Apparently there is some marginal timing in the relevent data paths on
the 785.  In our case, it doesn't do the computation of 0x80000000-4
correctly: it loses bit 29 or 30 (presumably because the carry chain
isn't making it all the way in time, since it seems to handle all
other virtual address computations correctly).  So it then tries to
lookup virtual address 0x5ffffffc instead of 0x7ffffffc and loses.  

DEC is aware of the problem and is working on an ECO.  Indeed, they
say this is one of several related marginal timing failure modes which
they attribute to to a problem of specs-vs-reality on some of the
chips they are using.  Any particular board set might be more or less
likely to exhibit the behavior, but the only way they can guarantee to
make the problem go away is to do an ECO.  By the way, our problem is
very temperature sensitive: it will fail consistently at or above 73
degrees, and will only fail every now and then (MTBF approx 2 days)
below 70.

By the way, until the ECO is ready, I have circumvented the failure we
see by a one-line modification of locore.s to start the KSP at
0x7ffffffc rather than at 0x80000000, so it never has to make the
address computation which has to carry through so many bits!  DEC
recommends running with SET CLOCK SLOW to avoid the marginal timing
problems, and I will probably do that once I fix the interval clock to
keep time correctly with SET CLOCK SLOW.  [Incidentally, our
time-of-day as kept by Unix is currently running about 2% fast, which
is rediculous...anyone seen this in a 785?]
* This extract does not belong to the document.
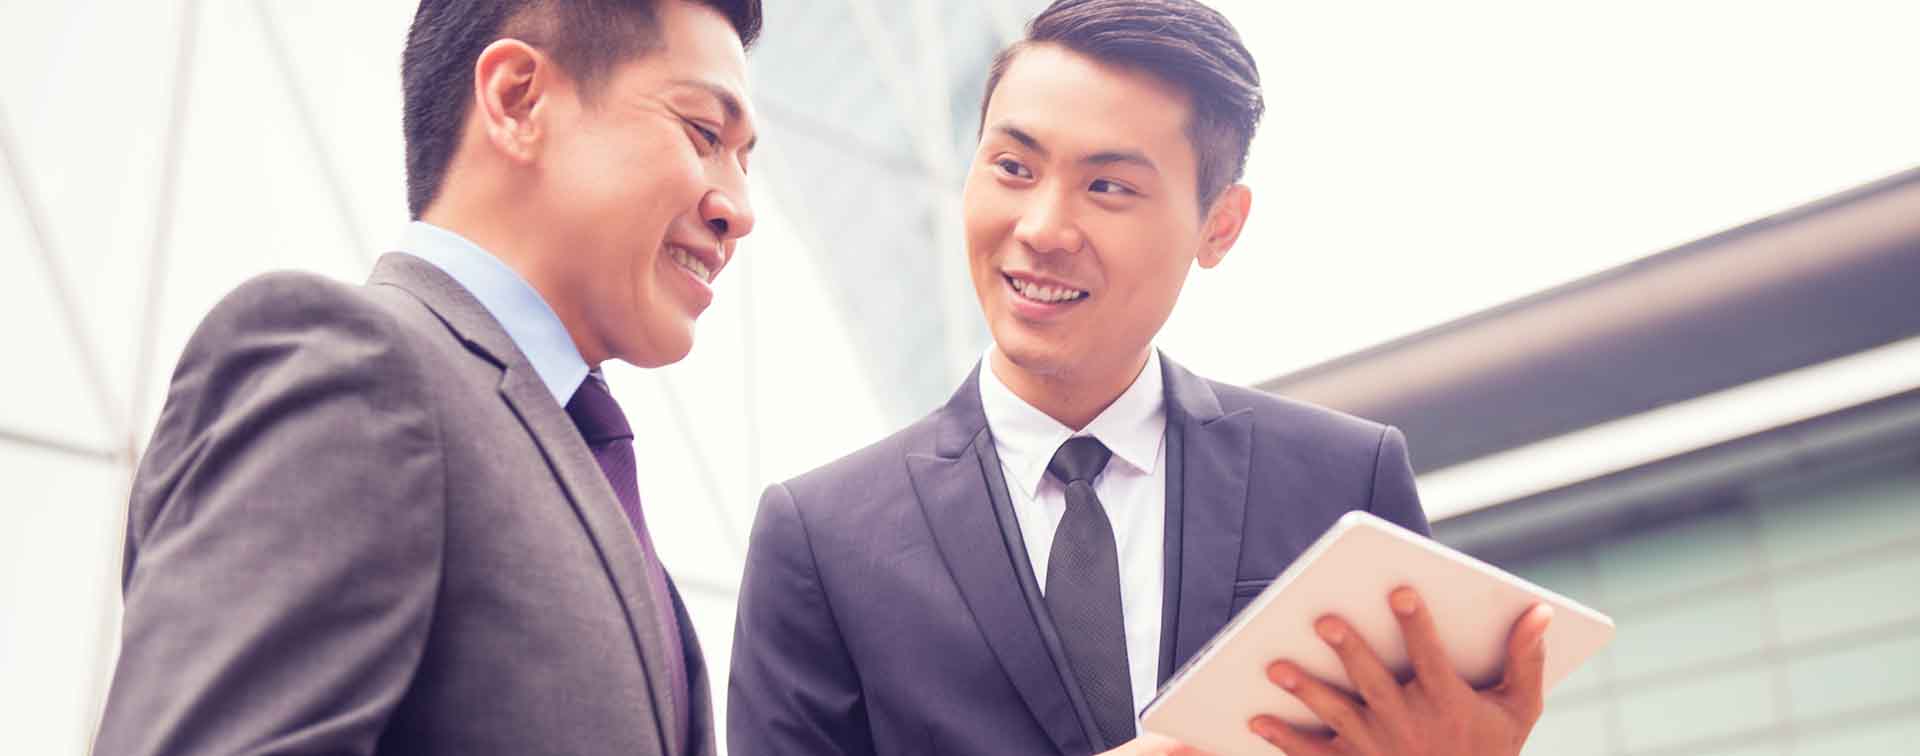 Smiling Chinese businessmen discussing something while one holds a tablet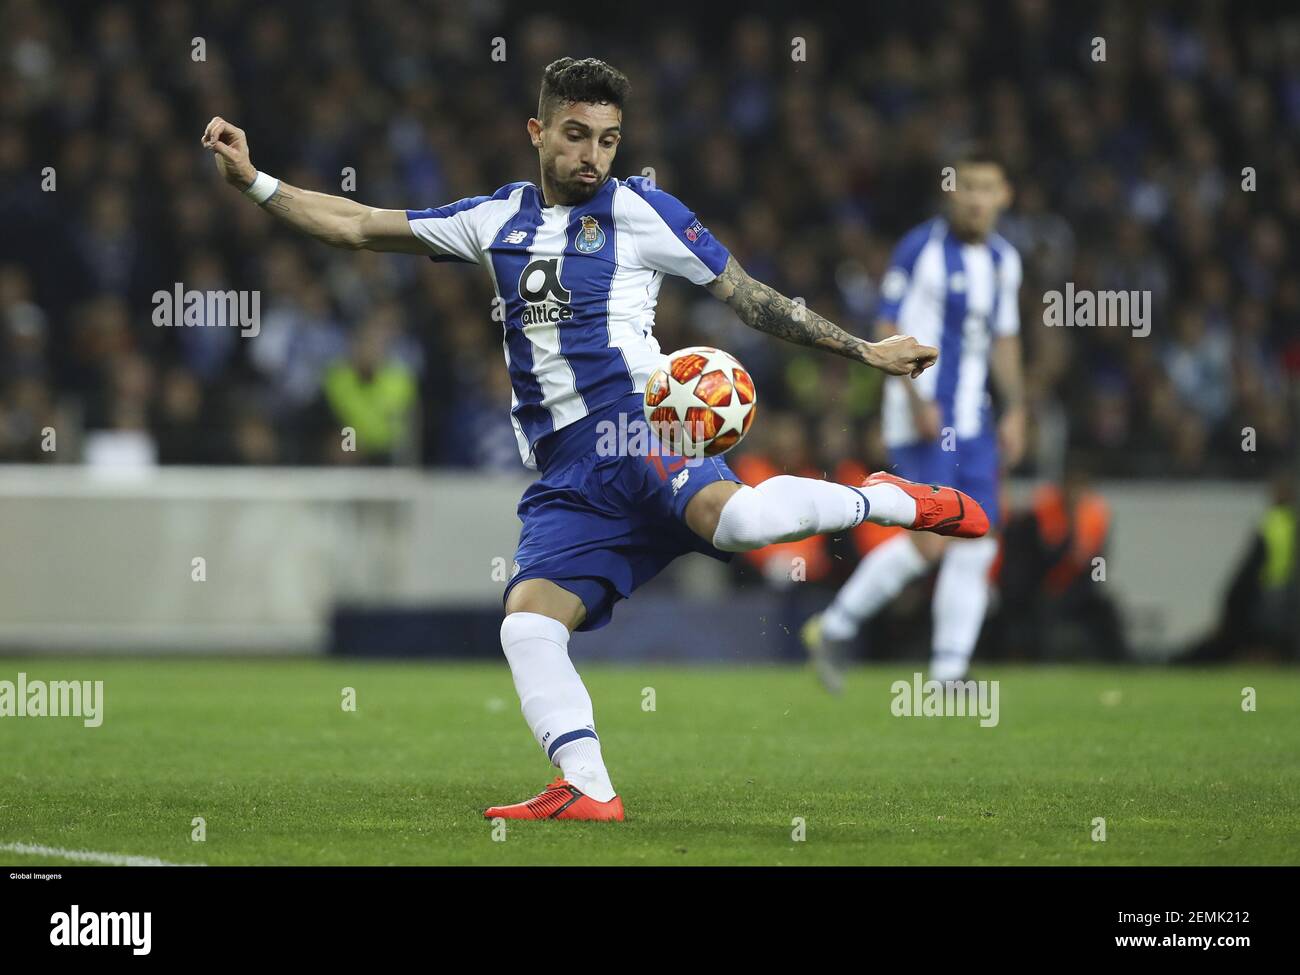 Porto, 03/06/2019 - FC Porto received this evening at the EstÃ¡dio do  Dragão for AS Roma in the second leg of the 2018/19 Champions League first  knockout round. Alex Telles (FÃ¡bio Poço /

--Bruce Nemnich, Thinking Machines Corporation, Cambridge, MA
--bruce@think.com, ihnp4!think!bruce; +1 617 876 1111

info-vax@cca.UUCP (10/18/85)

From: bruce@THINK.COM (Bruce Nemnich)

We recently converted this machine to a VAX-11/785 after fighting a
cpu bug for weeks.  The symptom was that a running Unix would panic
with a "trap type 8" (Segmentation Fault) in the kernel on a virtual
address of either 0x3ffffffc or 0x5ffffffc.  Once thus crashed, it
would usually not reboot for hours, bombing immediately after BOOT's
kernel size and "start at 0x1150" line with an Interrupt Stack Invalid
crash to the console.

Sometimes frobbing with the hardware (reseating various things) would
make the wedged state go away and allow a successful boot, after which
it would run happily until the next segmentation fault panic, often
days later.

The Interrupt Stack Invalid fault was actually a manifestation of the
same Segmentation Fault; it happened too soon in the initialization
sequence to be recovered from gracefully, so it would recursively trap
until it fell off the kernel stack and eventually the interrupt stack.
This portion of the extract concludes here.